Я задал ему дурацкий вопрос о самочувствии. Он усмехнулся.
— Хвастать нечем. Но все-таки я не теряюсь. Я убедил Раису Васильевну, что водка на орехах — надежнейшее и безотказнейшее лекарство от отложения солей. С тех пор каждодневно я получаю две ложки, и мы оба довольны.
Я выразил полную уверенность, что вскоре он одолеет недуг. Он вяло качнул белой ладонью:
— Да, я бессмысленно не сдаюсь.

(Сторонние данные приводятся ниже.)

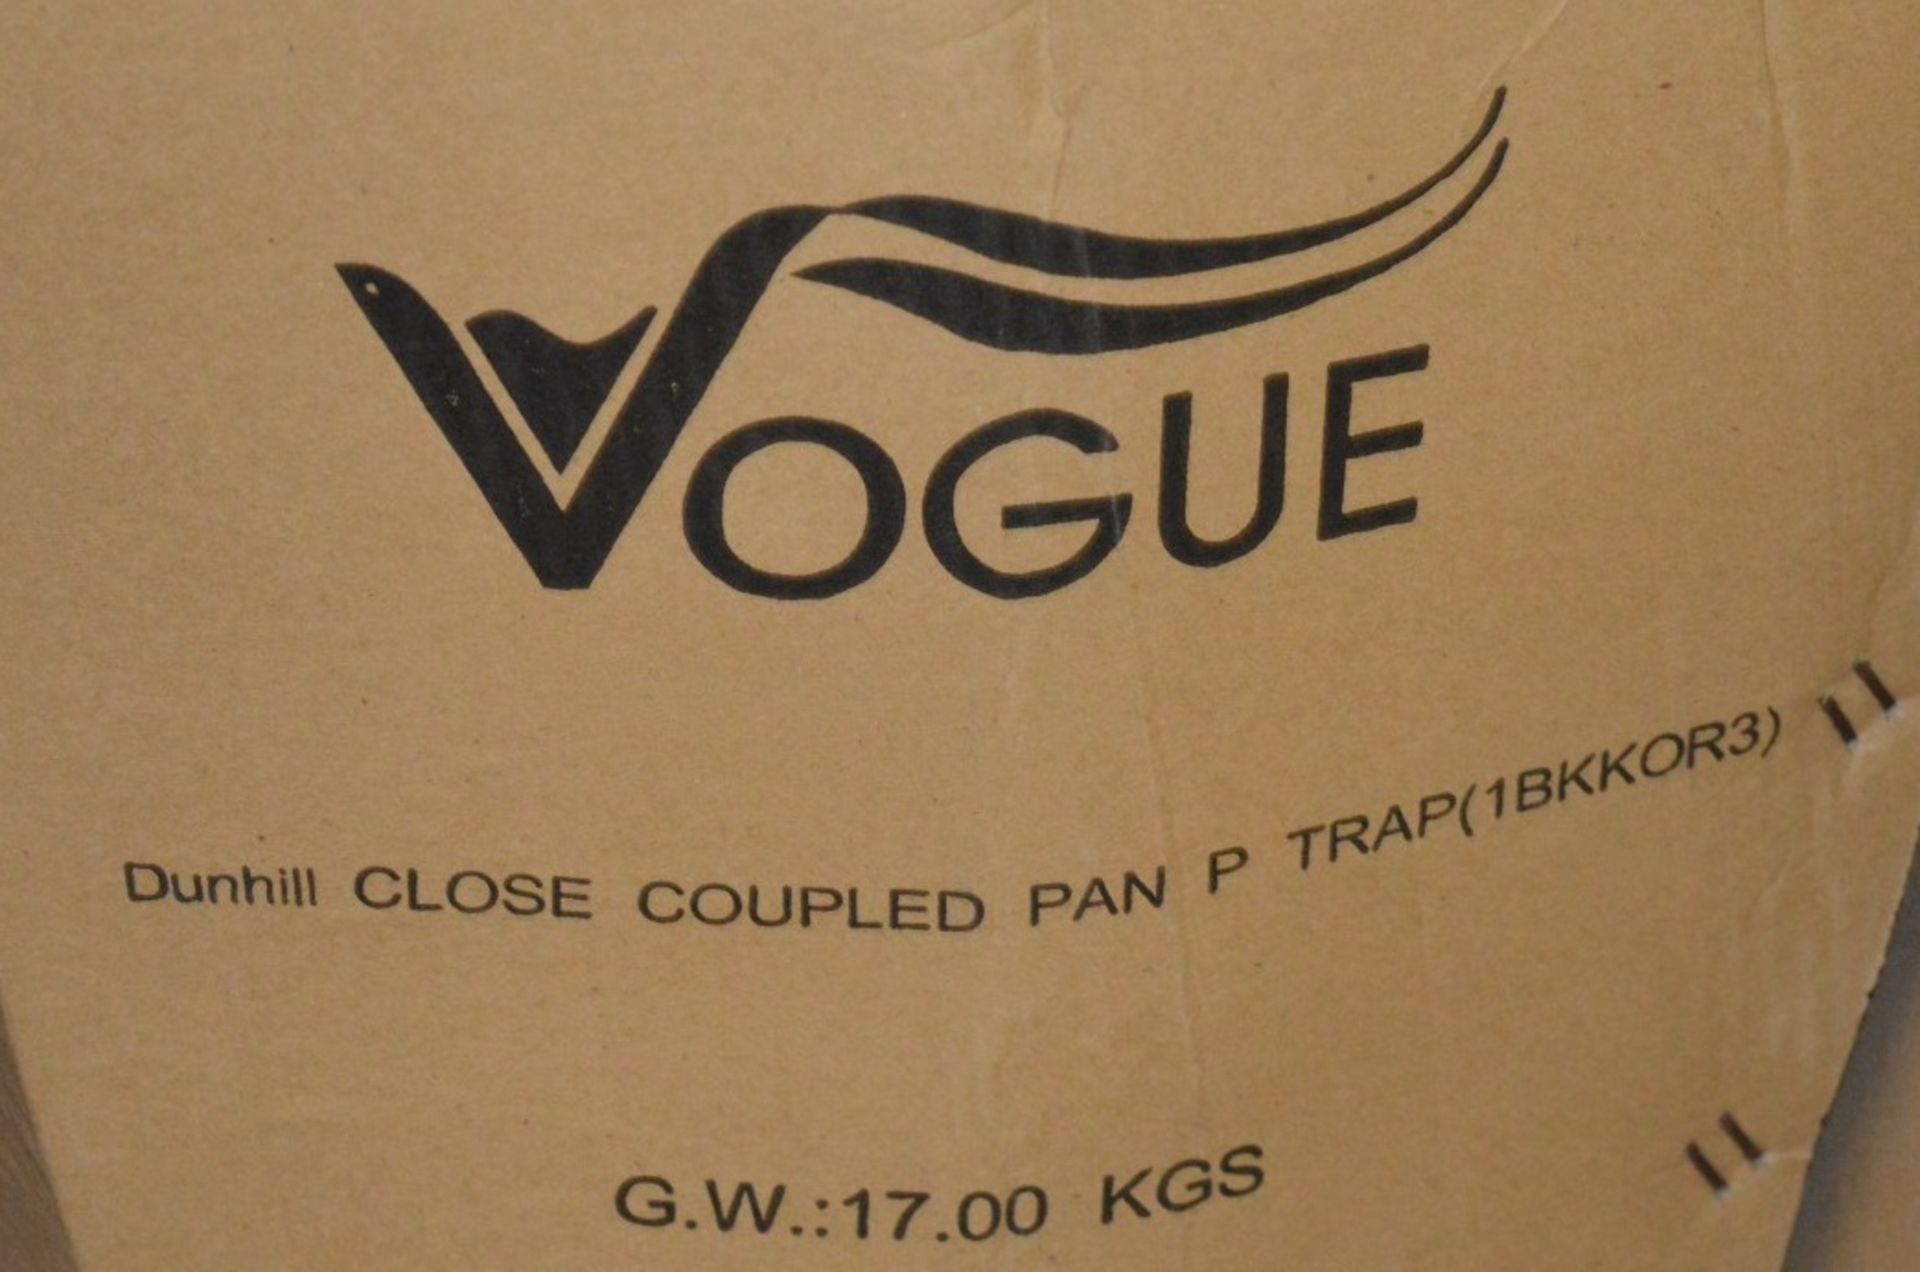 1 x Vogue Bathrooms DUNHILL Close Coupled Toilet Pan - P Trap - Brand New and Boxed - Seat Not - Image 2 of 2

Вроде комара в октябре.
(Тут меня посетила мысль, что комару суждено было стать навязчивым образом Мельхиорова, который он пронес через годы.)

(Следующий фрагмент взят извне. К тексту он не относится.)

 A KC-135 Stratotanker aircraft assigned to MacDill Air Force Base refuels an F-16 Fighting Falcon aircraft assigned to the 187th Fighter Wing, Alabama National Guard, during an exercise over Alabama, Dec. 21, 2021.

— Тем более, — добавил Учитель, — когда благодаря твоим хлопотам я начинаю новую жизнь.
Я скромно сказал, что искренне рад: теперь голова его освободилась и мысль опять готова к полету.

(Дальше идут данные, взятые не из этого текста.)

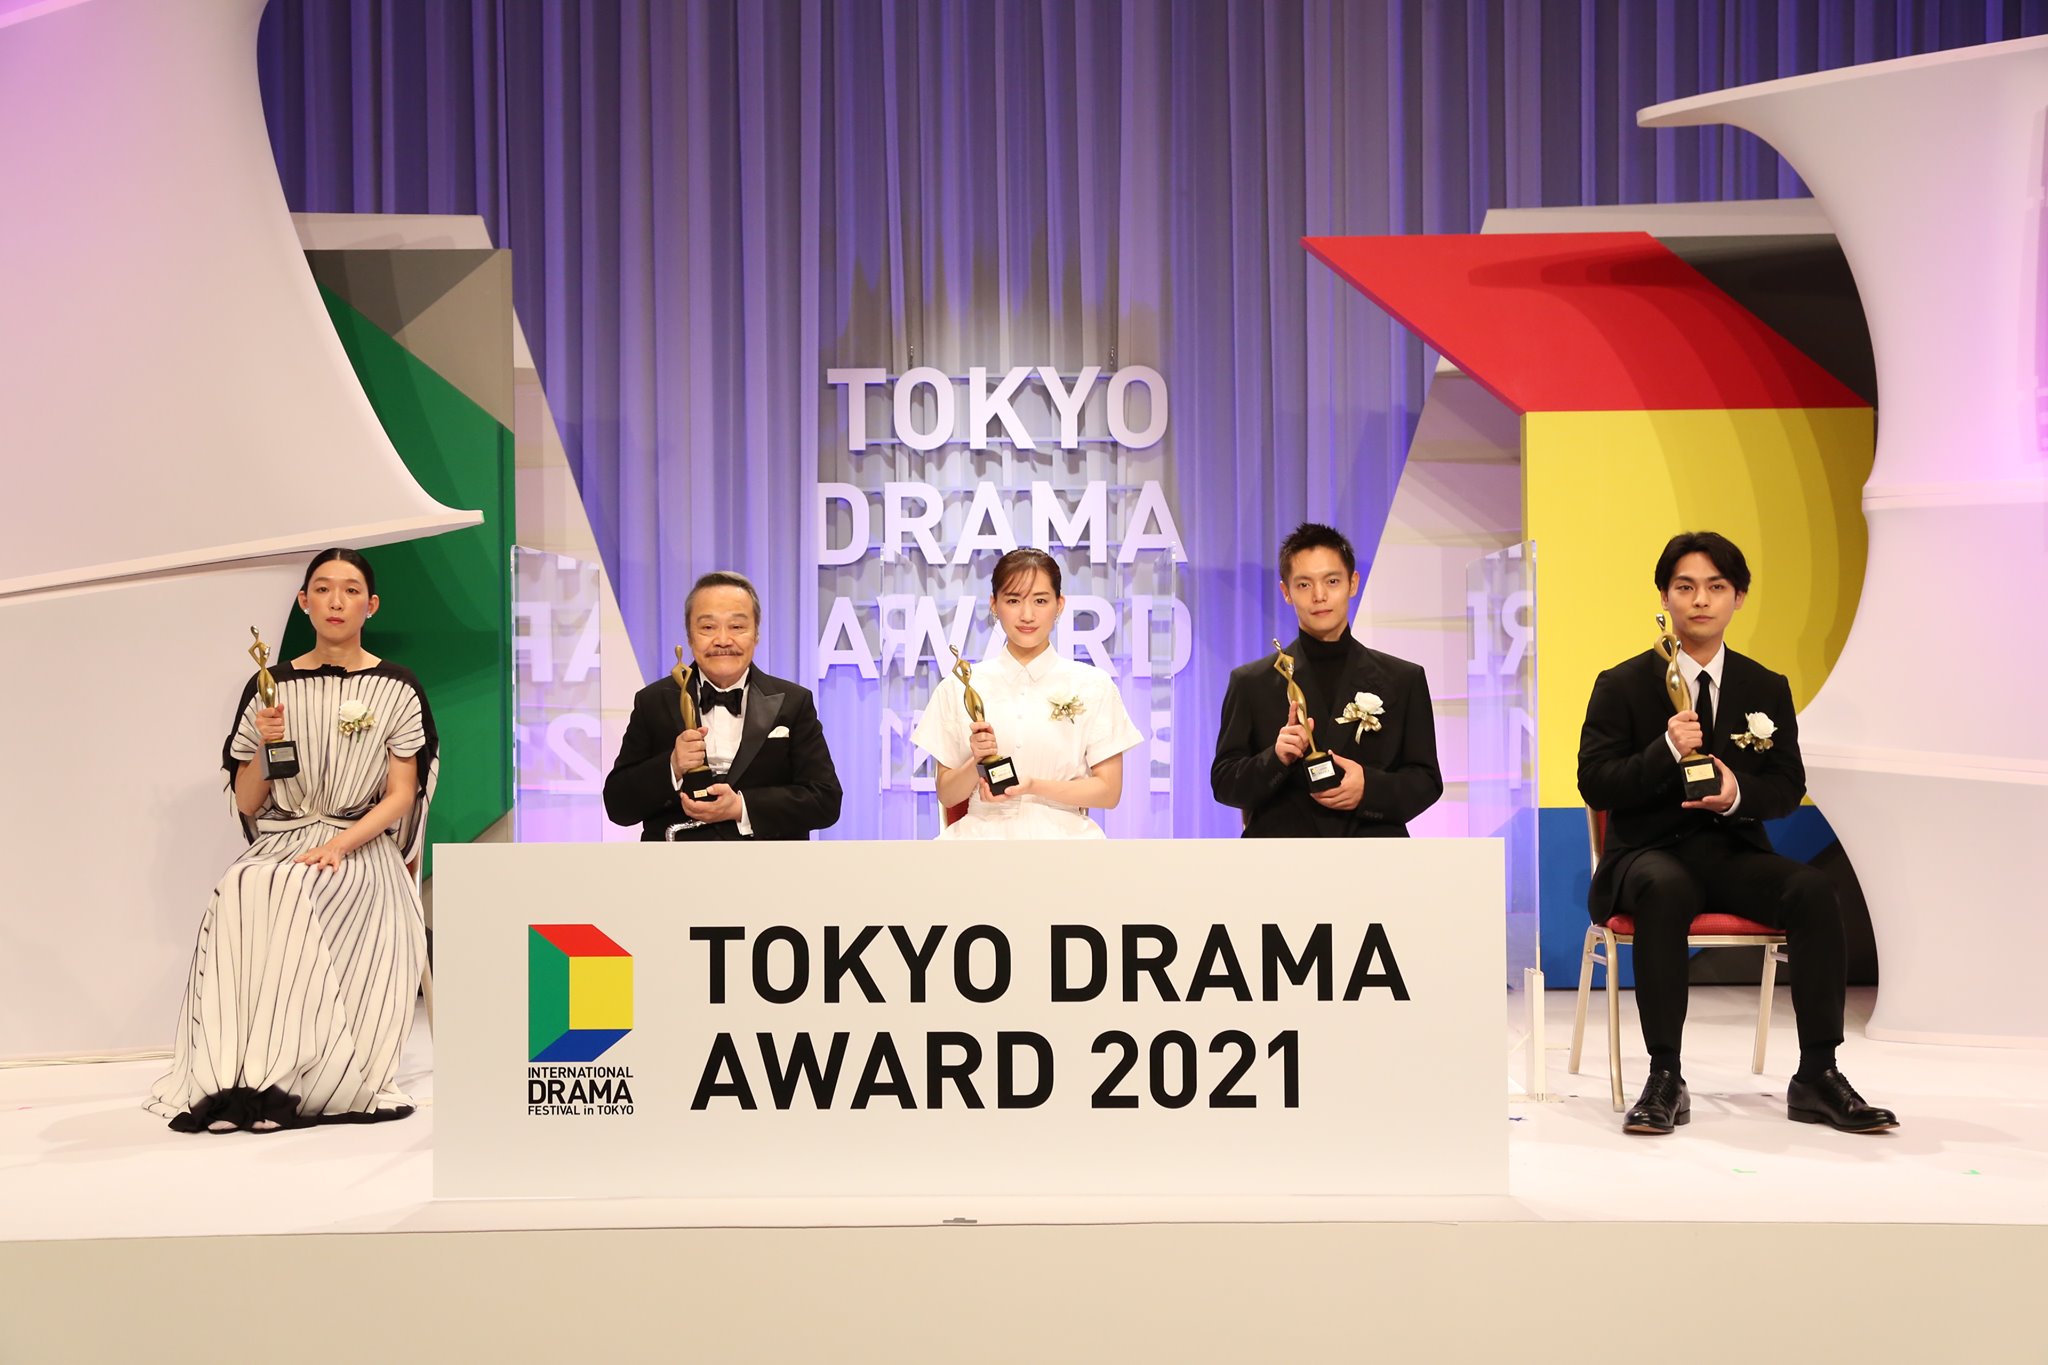 2021 International Drama Festival in Tokyo rounded off. (Photo / Retrieved from the Facebook: 台日Hot什麼？哈！－輕鬆電台 FM 96.9)

Он удовлетворенно кивнул, сказав, что я должен держать в уме один из важнейших уроков шахмат: может быть, самое главное в партии — сменить направление агрессии.
Потом он спросил меня о Богушевиче. Я подтвердил ему, что Борис еще работает на «Свободе» и призывает нашу общественность смелее идти путем перемен.
— А Саня Випер? — спросил Мельхиоров.
— Випер теперь какой-то прораб. Не то перестройки, не то духа. Во всяком случае, очень активен.
— Вот как? Что ж, каждому свое.
— Отец мой тоже вроде него, — пожаловался я Мельхиорову. — Хмель гласности помрачил его разум. Каждый очередной оракул выводит его на путь спасения.
— Эффект плацебо, — вздохнул Мельхиоров. — Дают витаминную таблетку, сказав, что она снимает боль. И ведь снимает — люди внушаемы. Не осуждай его, мальчик мой. Пусть даже деятельная старость еще смешней, чем ленивая юность. Просто напомни ему при случае, что говорящие не знают, а знающие не говорят. Так утверждал один китаец, который был не глупее нас. Надеюсь, сам ты не забываешь, что спрятаться — это не средство, а цель. Не доверяй российской свободе, ибо, чем выше она взберется, тем будет больней загреметь в неволю. Не изменяй себе, сикамбр. А стало быть — не валяй дурака.
Я сказал, что этого не случится. Не зря же я его ученик.
Немного помедлив, он произнес:
— Я не из тех, кто кичится опытом. Он — не свод твоих знаний, а счет твоих дуростей. И все же прими стариковский завет: при всей трезвости не вздумай откладывать то, что считаешь действительно важным. Некий пайщик весь век собирал себе книги — «будет что почитать на старости». А дожил до хладных лет, и выяснилось: строчку прочтет — и клонит ко сну. Так оно всегда и случается.
Он признался, что последнее время все чаще думает обо мне.
— Видишь ли, я не имел детей, — сказал он доверительным тоном. — Возможно, что в этом есть свой смысл. По крайней мере, никто не вспомнит. Ведь память может и подвести, зато забвение безотказно.
Я пробормотал, что напрасно он думает о людях так жестко.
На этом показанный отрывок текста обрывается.